Related: Trevor Noah to make debut as host of 'The Daily Show' on Sept. 28

While 52-year-old Stewart's next move has yet to be revealed, here are some of his most raw and moving moments from the anchor desk:

Wrenching 9/11 Monologue

Stewart was less than three years into his role as "Daily Show" host when he was faced with the horrors of 9/11. Returning to the airwaves nine days after the attacks, he used his opener to try and make sense of the terrorist attack — and inspire hope.

"The view from my apartment was the World Trade Center. Now it is gone and they attacked it," Stewart said. "This symbol of American ingenuity and architecture and labor and imagination and commerce and it is gone. You know what the view is now? The Statue of Liberty. The view from the south of Manhattan is now the Statue of Liberty. You can't beat that."

Questioning Iraq

Stewart has been an outspoken critic of the war in Iraq, taking direct jabs over the years at everyone from former President George W. Bush to former Secretary of Defense Donald Rumsfeld to journalist Judith Miller.

After trying to untangle the political power moves involved in the U.S.-led invasion, Stewart memorably highlighted the hypocrisies last year when "the old gang of warmongers" began opining about ISIS.

Friend to First Responders

Following 9/11, Stewart made it his mission to advocate on behalf of first responders for healthcare funding when Senate Republicans in 2010 filibustered a $4.2 billion legislation known as the Zadroga bill.

Ultimately, the bill was passed — and some lawmakers credited him with bringing awareness to the issue.

"There are a lot of us who worked on this bill and fought for it daily," Rep. Carolyn Maloney told The New York Times. "I had events every week for nine years practically. Letters, petitions, lobbying, meetings. But it was Jon Stewart who brought that bill to life."

Meeting Malala

In 2013, Stewart interviewed Pakistani human rights activist Malala Yousafzai for the first time — before she would go on to win the Nobel Peace Prize.

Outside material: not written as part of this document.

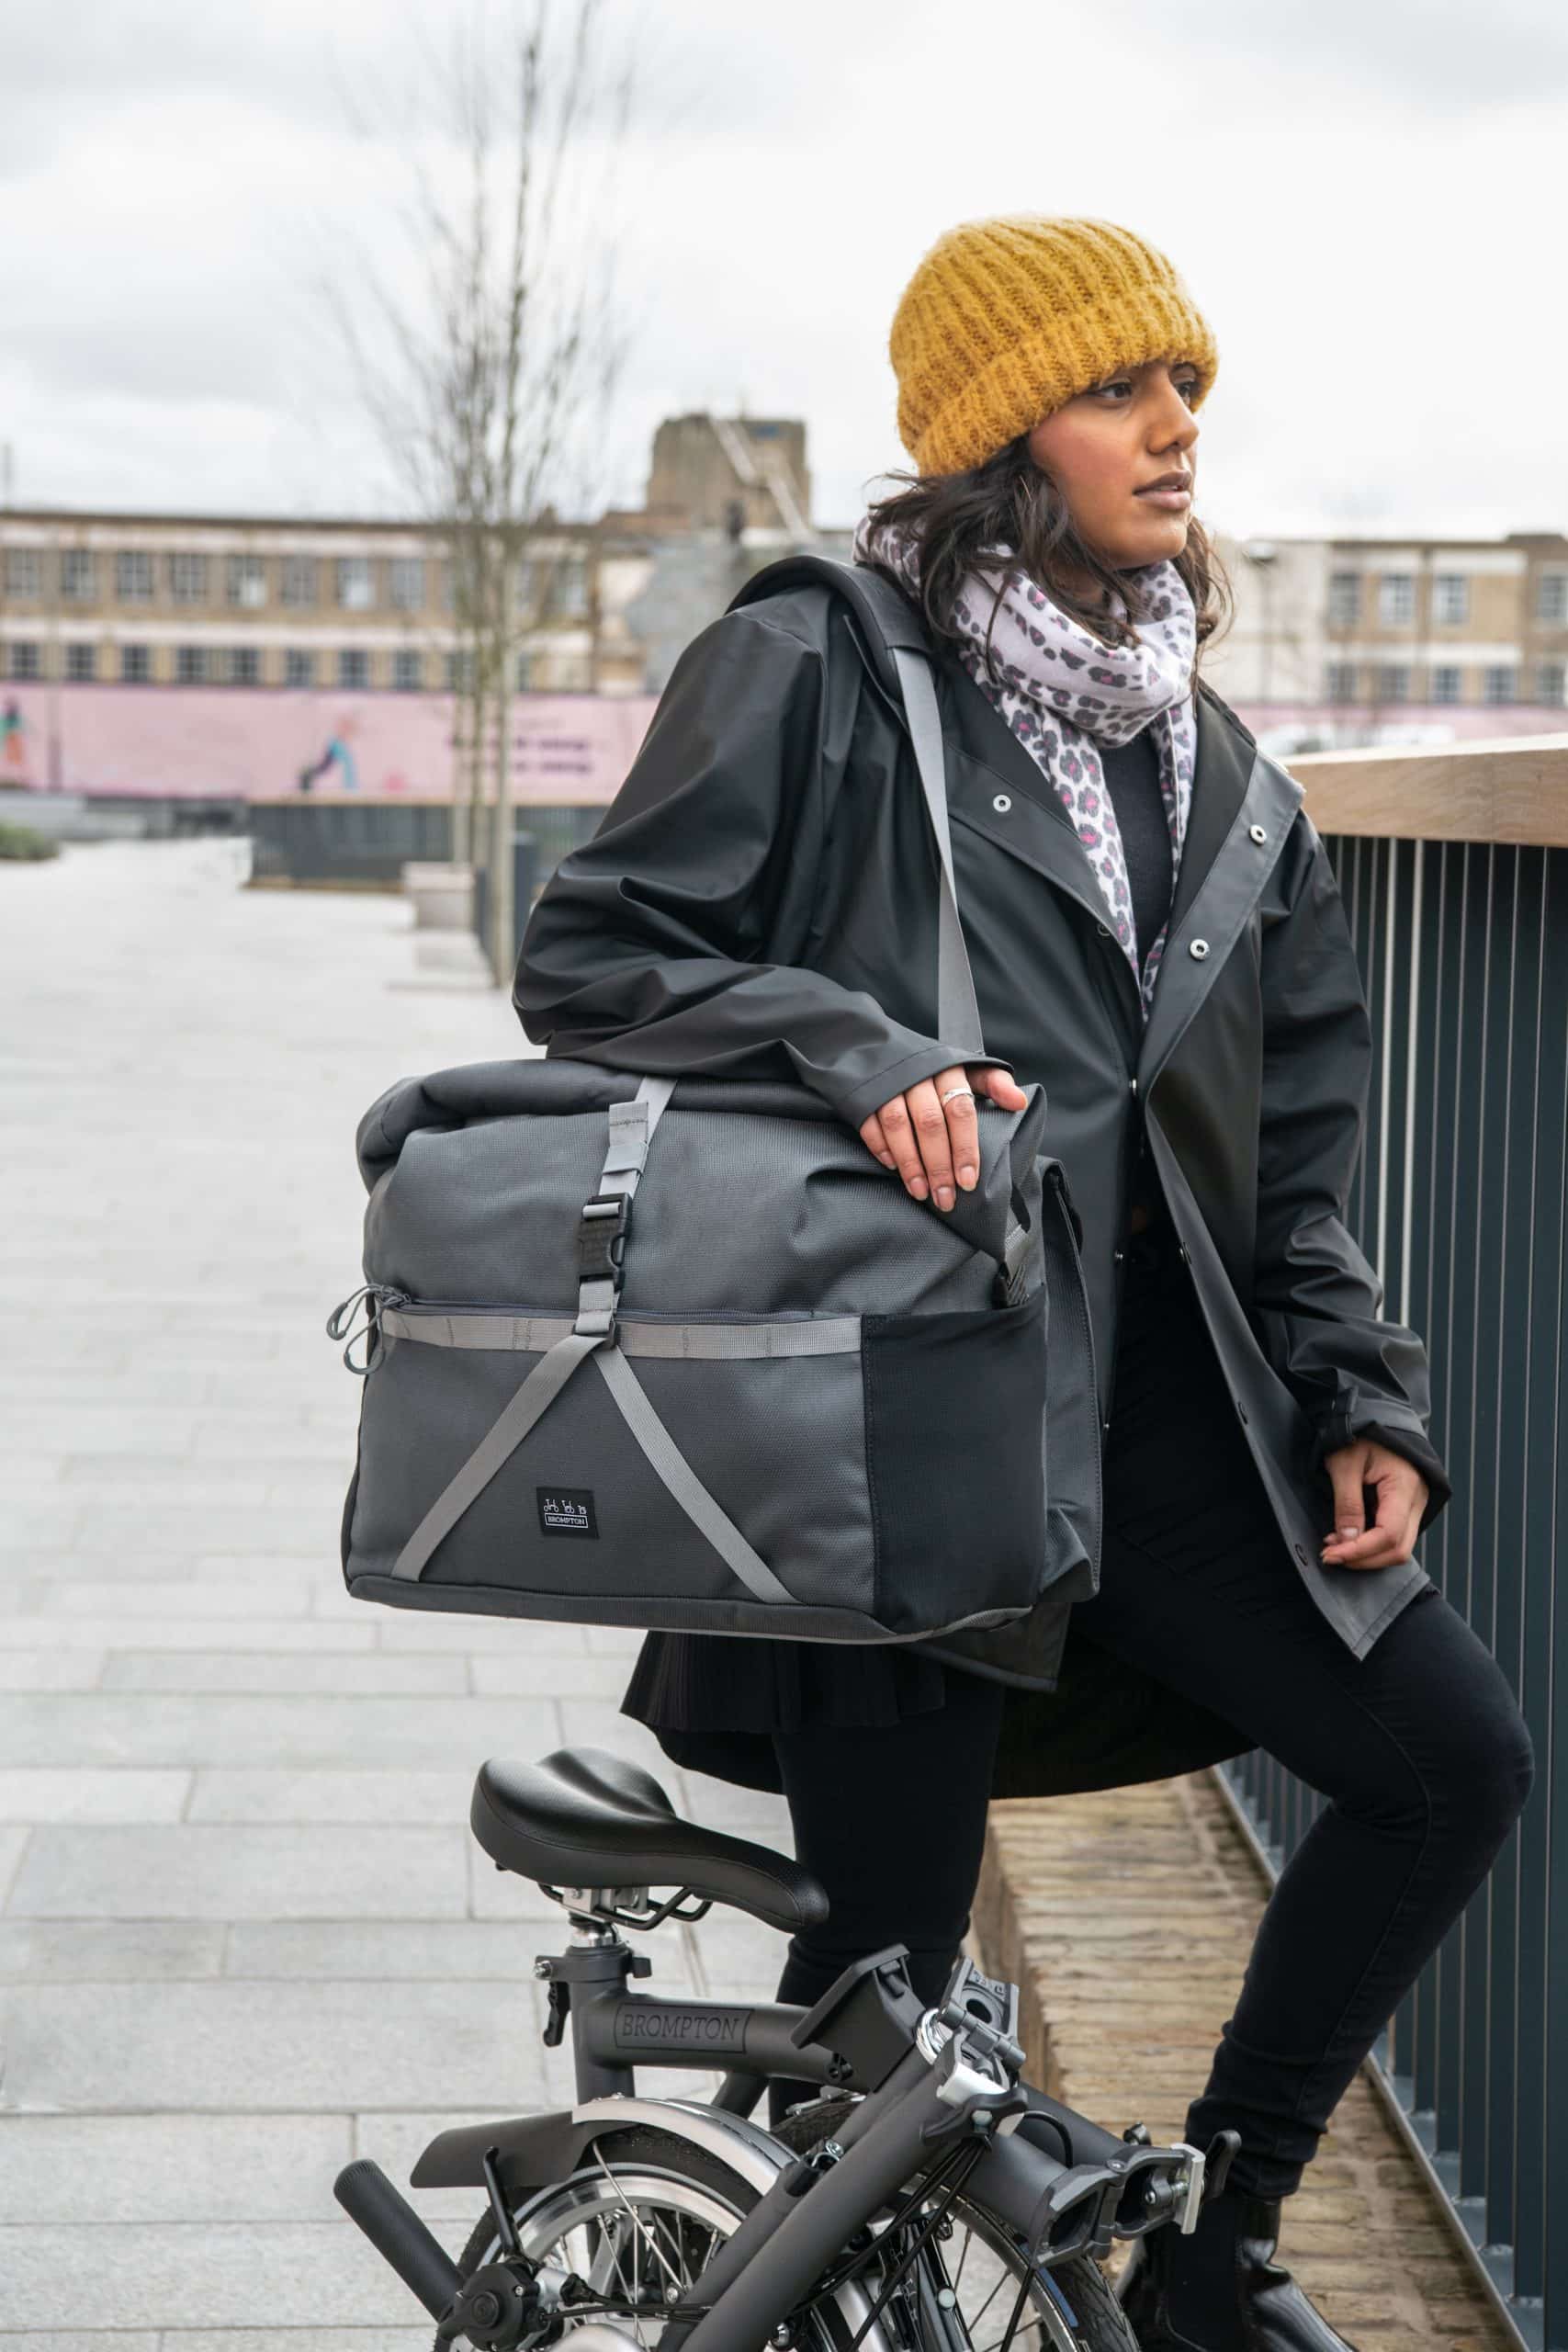 Brompton Borough Roll Top Bag Large in Dark Grey-
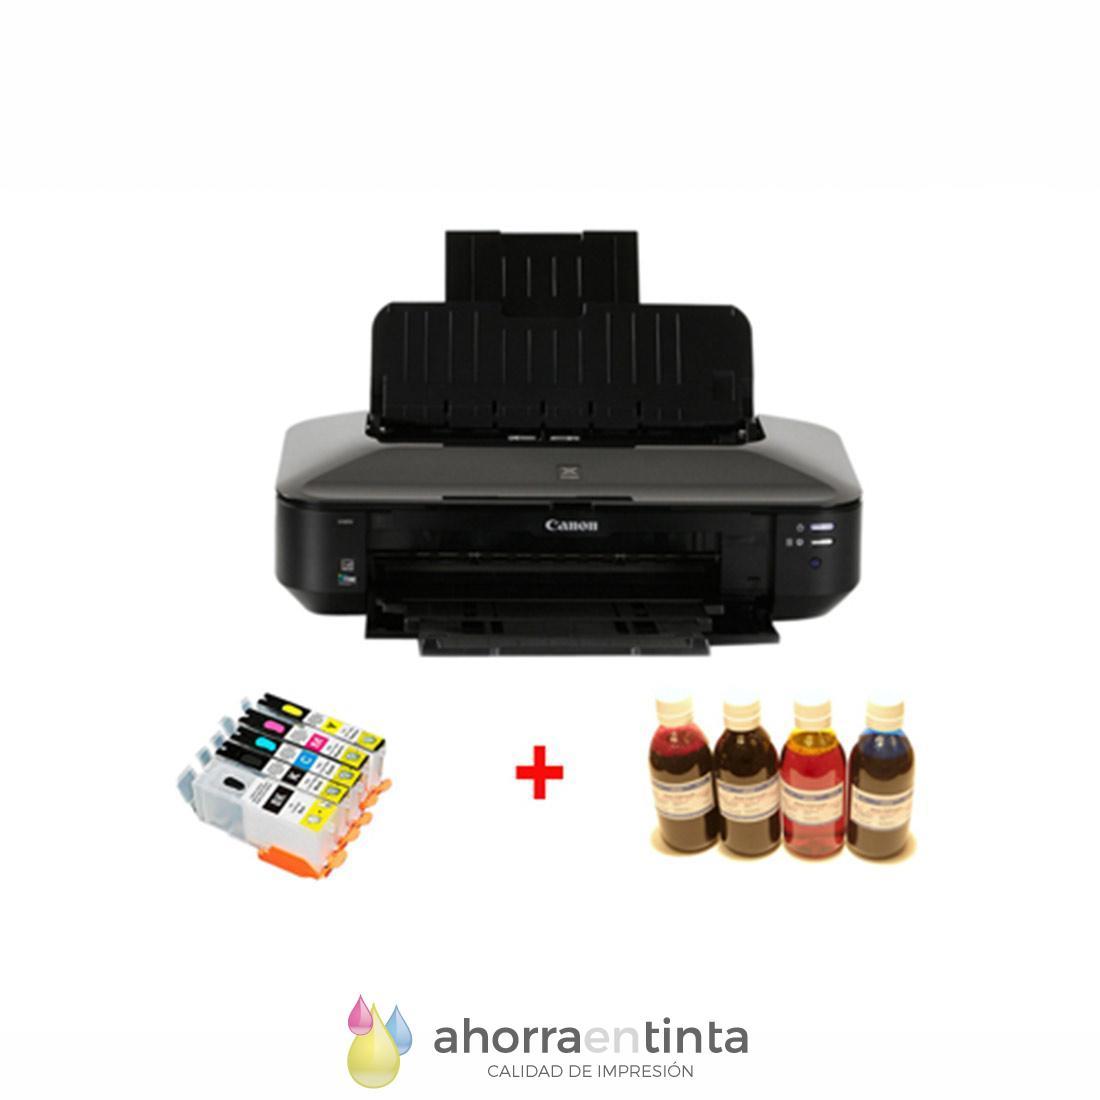 Impresoras con tanques: impresoras de tinta y tóner recargables y

She riveted Stewart, who asked her what she would do if confronted again by a Taliban gunman.

"I would tell him how important education is and that I would even want education for your children as well," the then-16-year-old said. "That's what I want to tell you, now do what you want."

Stewart later quipped: "I know your father is backstage and he is very proud of you, but would he be mad if I adopted you?"

Eric Garner Case

The announcement late last year that a grand jury would not indict an NYPD officer in the chokehold death of black man Eric Garner didn't just perplex Stewart — it left him speechless.

The news came amid a number of high-profile cases involving the deaths of black males at the hands of police.

"I honestly don't know what to say," Stewart said. "If comedy is tragedy plus time, I need more (expletive) time."

Apologizing After the Charleston Massacre

Stewart again turned somber after nine parishioners were massacred in a historic black church in Charleston, South Carolina, in June. From his desk, he addressed feelings of despair and sadness, and lamented a "gaping racial wound" and a perceived lack of response by Americans.

"I have one job and it's a pretty simple job," Stewart told the audience. "I come in the morning and we look at the news, and I write jokes about it."

"But I didn't do my job today. So I apologize. I got nothing for you ... because of what happened in South Carolina."